PROBLEM DETAILS:
Your answer must be the full listing below, repeated exactly, with no pictures in it.

DATA PROVIDED:
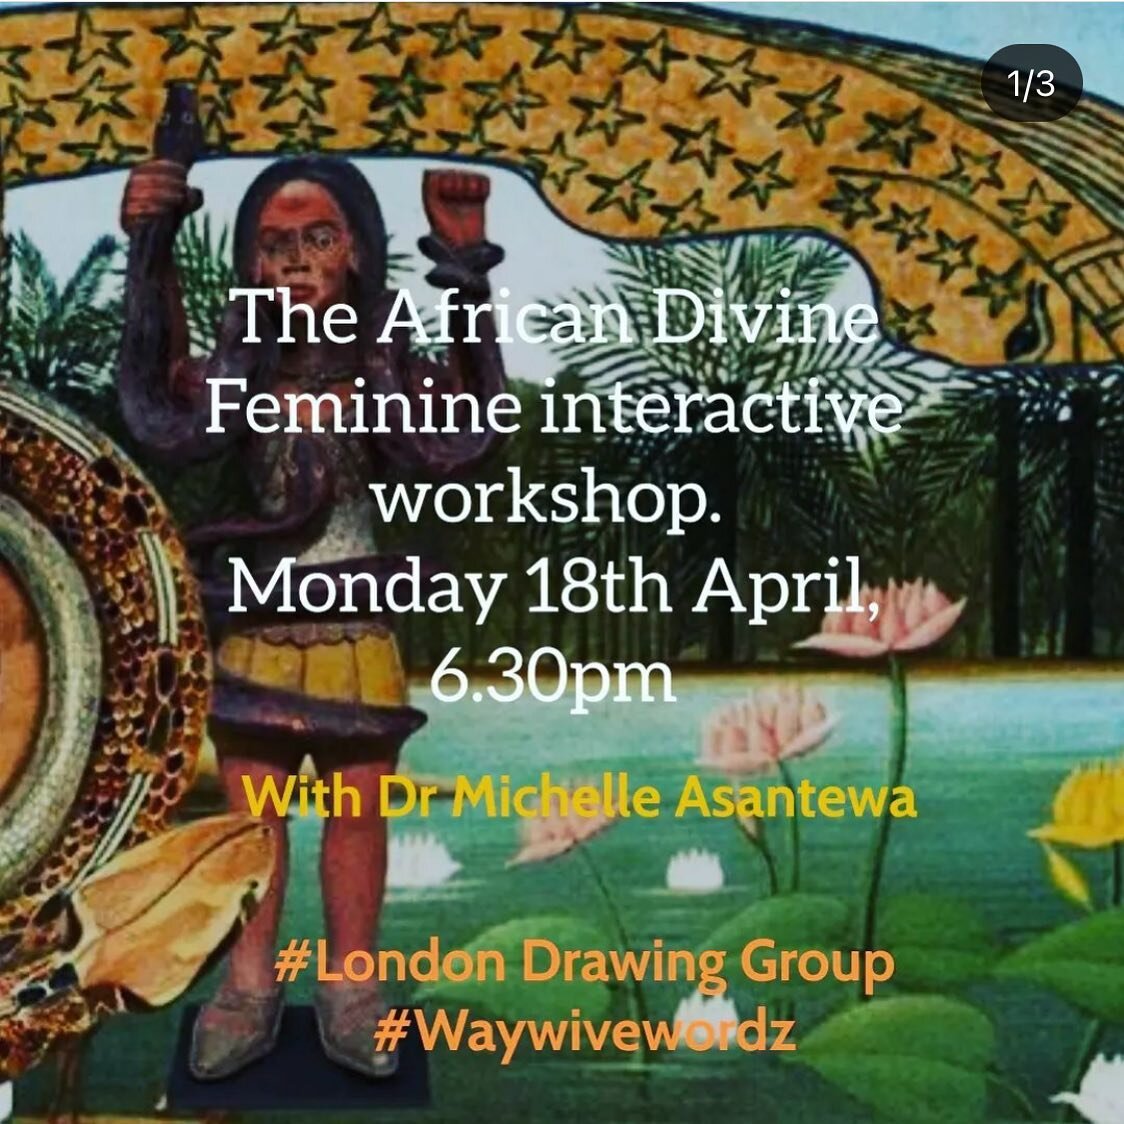 Next up on our Monday evening Feminist Lecture Program! We&rsquo;re switching it up with an interactive lecture/workshop! We&rsquo;re thrilled to welcome back @michelleyaaasantewa for this unique session exploring THE AFRICAN DIVINE FEMININE!
&bull;
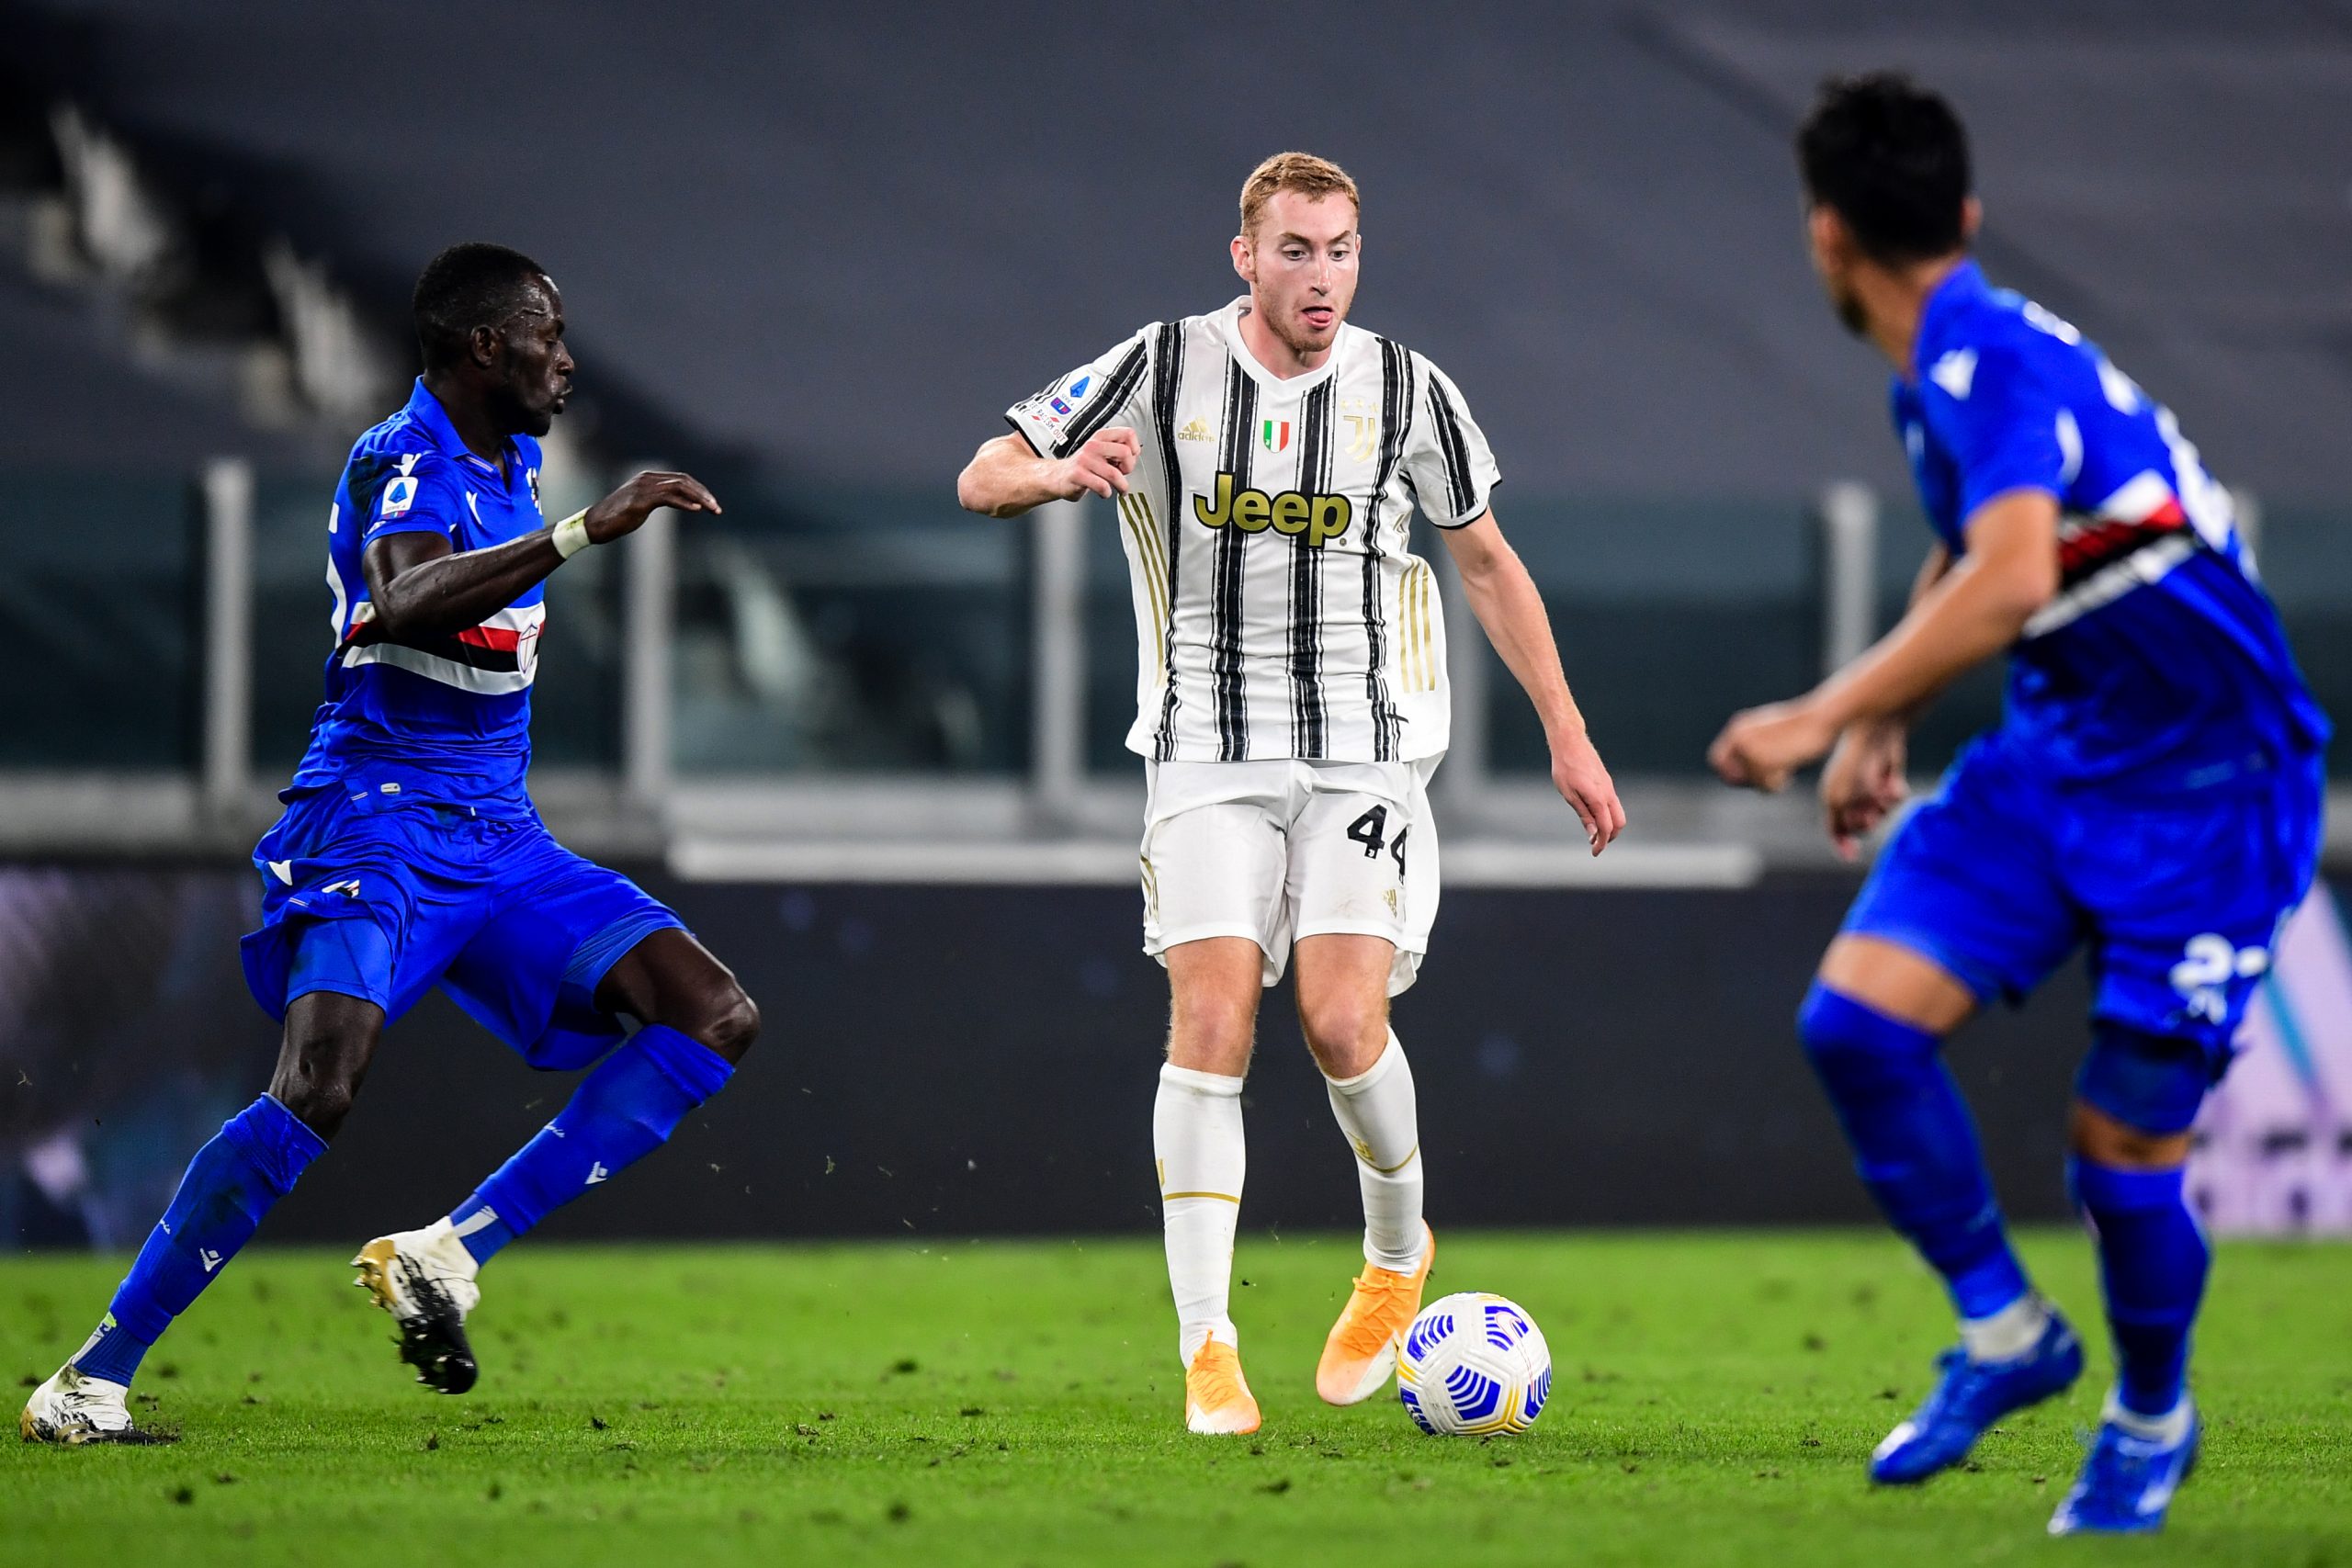 It took only 13 minutes for Dejan Kulusevski to score his first Juventus goal as the Swede wrapped the Bianconeri's opener in Sunday night's win over Sampdoria

OUTPUT FOR THIS EXERCISE:
 Next up on our Monday evening Feminist Lecture Program! We&rsquo;re switching it up with an interactive lecture/workshop! We&rsquo;re thrilled to welcome back @michelleyaaasantewa for this unique session exploring THE AFRICAN DIVINE FEMININE!
&bull;
 It took only 13 minutes for Dejan Kulusevski to score his first Juventus goal as the Swede wrapped the Bianconeri's opener in Sunday night's win over Sampdoria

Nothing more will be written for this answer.